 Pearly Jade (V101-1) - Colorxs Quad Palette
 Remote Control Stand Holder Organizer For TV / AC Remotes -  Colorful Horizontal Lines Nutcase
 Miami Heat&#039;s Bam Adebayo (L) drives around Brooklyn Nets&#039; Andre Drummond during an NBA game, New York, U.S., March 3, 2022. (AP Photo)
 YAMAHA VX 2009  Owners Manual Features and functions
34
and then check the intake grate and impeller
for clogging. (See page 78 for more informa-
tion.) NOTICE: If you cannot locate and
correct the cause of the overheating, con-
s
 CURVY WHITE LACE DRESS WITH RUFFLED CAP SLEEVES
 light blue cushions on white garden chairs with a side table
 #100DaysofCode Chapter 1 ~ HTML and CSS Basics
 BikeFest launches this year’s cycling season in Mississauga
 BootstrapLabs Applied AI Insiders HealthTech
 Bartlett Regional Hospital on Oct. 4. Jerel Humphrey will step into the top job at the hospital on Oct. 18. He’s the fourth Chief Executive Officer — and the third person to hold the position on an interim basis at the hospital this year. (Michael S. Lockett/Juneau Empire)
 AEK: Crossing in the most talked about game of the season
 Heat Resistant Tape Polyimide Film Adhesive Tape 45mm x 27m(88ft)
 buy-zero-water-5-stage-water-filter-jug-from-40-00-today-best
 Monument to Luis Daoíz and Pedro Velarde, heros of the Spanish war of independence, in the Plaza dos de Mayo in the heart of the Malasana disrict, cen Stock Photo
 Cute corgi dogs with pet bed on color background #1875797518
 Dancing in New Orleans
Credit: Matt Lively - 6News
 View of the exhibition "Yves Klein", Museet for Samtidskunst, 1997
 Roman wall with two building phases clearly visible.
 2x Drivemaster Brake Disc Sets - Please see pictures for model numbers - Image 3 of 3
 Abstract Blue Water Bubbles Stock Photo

# # #

Goal of the exercise
Set down precisely the lines above between the line holding "AEK: Crossing in" and the line holding "buy-zero-water-5-stage-water-filter-jug-from-40-00-today-best", inclusive, and nothing beyond them.

Response area
 AEK: Crossing in the most talked about game of the season
 Heat Resistant Tape Polyimide Film Adhesive Tape 45mm x 27m(88ft)
 buy-zero-water-5-stage-water-filter-jug-from-40-00-today-best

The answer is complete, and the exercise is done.